National offered up $1b in loans through its own housing infrastructure fund during its last term in power, but some councils baulked at adding extra debt to their balance sheets – a problem the Government is hoping to avoid by offering up the money as grants instead.
It is an entirely sensible idea, and largely uncontentious as evidenced by National leader Judith Collins describing it somewhat begrudgingly as “not a bad idea”.
But as Collins also (rightly) pointed out, the devil will be in the detail, and on that front there is much more information yet to be sketched in; Woods said Cabinet would consider more detailed criteria for the contestable fund by the end of June, with the hope that money would start going out the door in the latter half of the year.
Then there is the matter of the fund’s quantum, which Kiwibank economists derided as “a drop in a leaky bucket”.
Stick over carrot
Property investors have taken the greatest umbrage with the tax deduction changes, which will mean they can no longer offset their interest expenses against their rental income when calculating their tax.
In the lead-up to the announcement, ministers had hinted about incentivising more productive forms of investment over housing – but the Government ultimately seems to have opted for a stick rather than a carrot, removing one of the advantages that property investors have over ordinary buyers.

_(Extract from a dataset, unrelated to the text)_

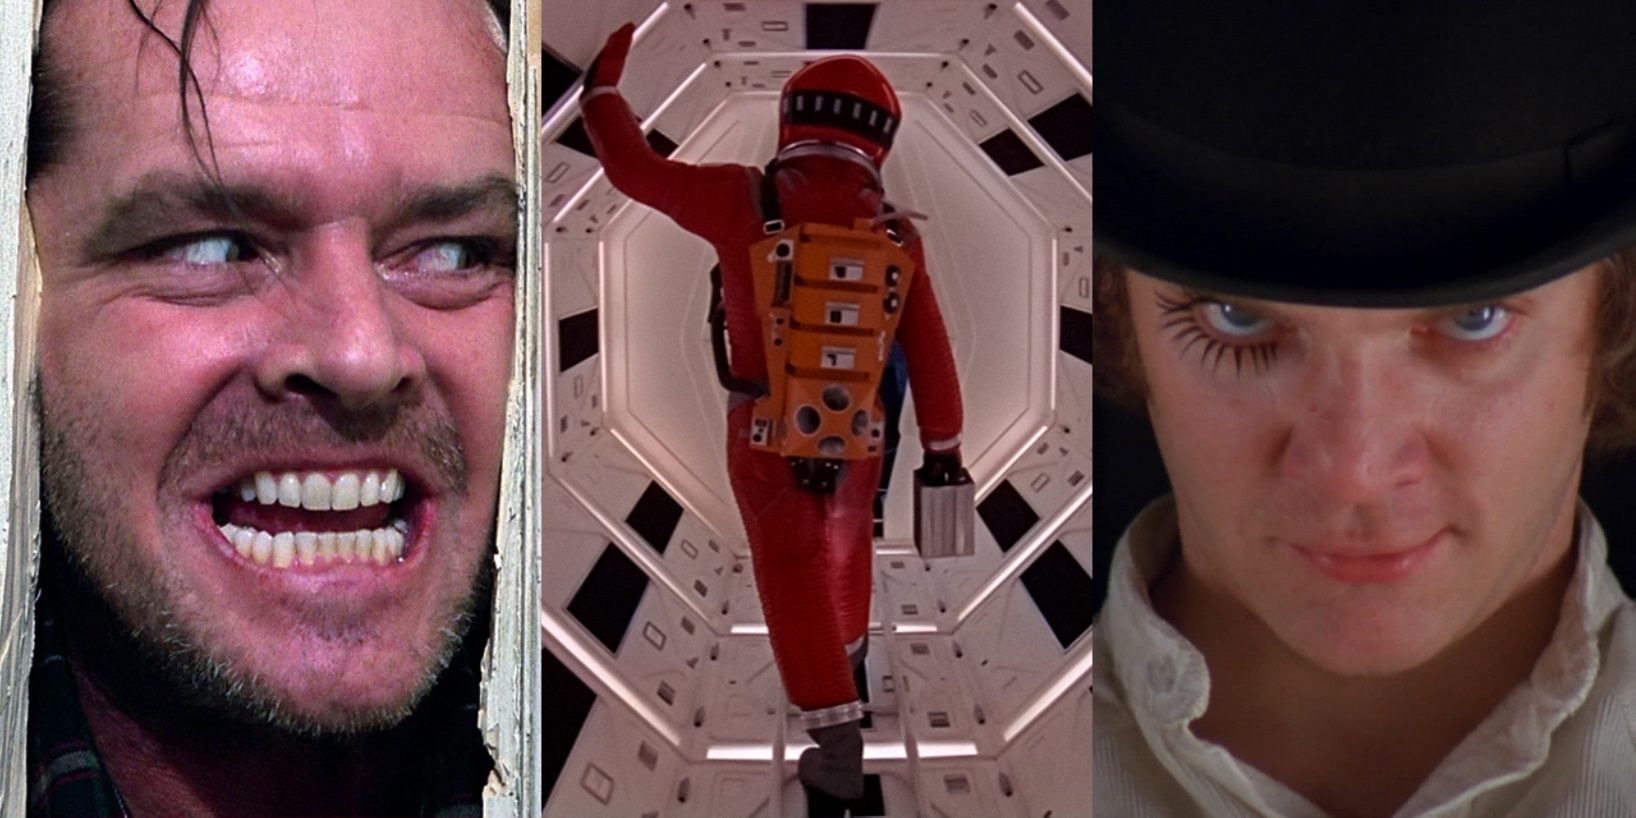 Split image of Jack in The Shining, Dave in 2001, and Alex in A Clockwork Orange
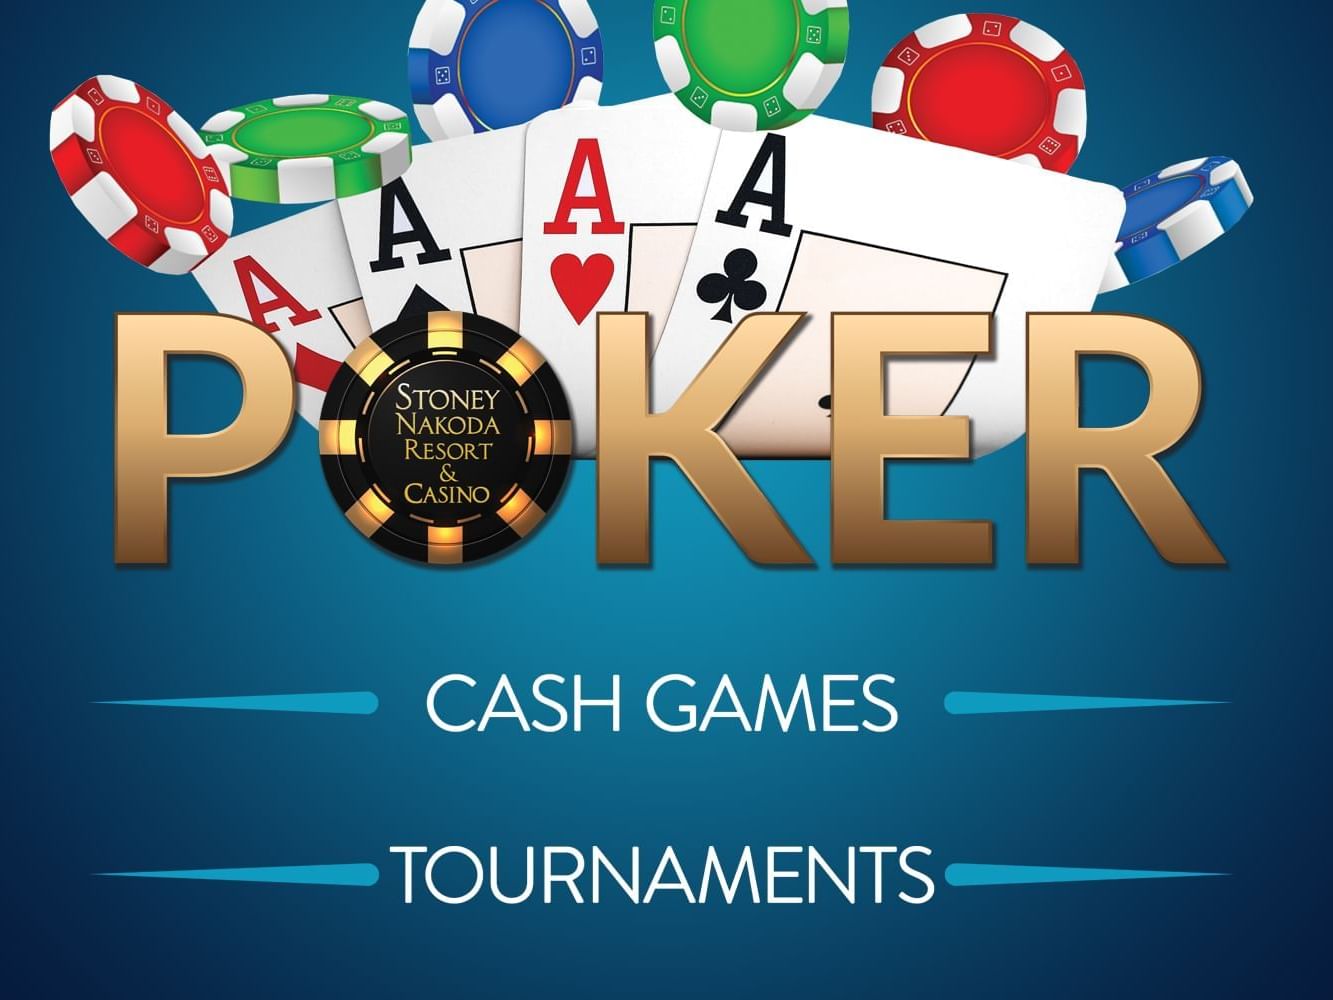 Poker poster used at Stoney Nakoda Resort & Casino

Funnily enough, landlord groups do not quite see it that way, instead arguing they are being singled out for unreasonable treatment compared to other businesses, while the Real Estate Institute of New Zealand (among others) has warned of investors either selling out or hiking rental rates to cover their extra costs.
On the one hand, it is far from the first time property investors have offered dire warnings about the consequences of government action, and yet the market has proved as enticing as ever.
On the other, it was telling that Ardern, when asked if she had received any official briefings on the tax changes leading to precipitous rent increases, would only say that there had been “a mixture of advice”.
That speaks in part to the difficulty of balancing the various interests involved in the housing market: while it is not a zero-sum game, policy measures that level the playing field for those hoping to buy their first home may tilt it against those who have little choice but to remain in a rental, at least until they can save a deposit of their own.
“Housing bubbles are unstable by their very nature, and we cannot afford to put the current economic recovery at risk by allowing house prices to spiral out of control.”
Much of the hand-wringing about the housing market has focused on the former class of Kiwis, and it is here that the Government has aimed most of its measures – but it could end up trading one problem for another.
That may be a risk the Government is prepared to take, given the wider ramifications of ever-spiralling house prices as alluded to by Robertson.
“House price increases of the magnitude that we have seen in recent months are not only harmful to affordability, but excessive volatility also can represent a future risk to economic stability,” he said.
“Housing bubbles are unstable by their very nature, and we cannot afford to put the current economic recovery at risk by allowing house prices to spiral out of control.”
Robertson subsequently downplayed any suggestion that a bubble had in fact taken hold here – but if it does, there may be no silver bullet powerful enough to kill off the consequences.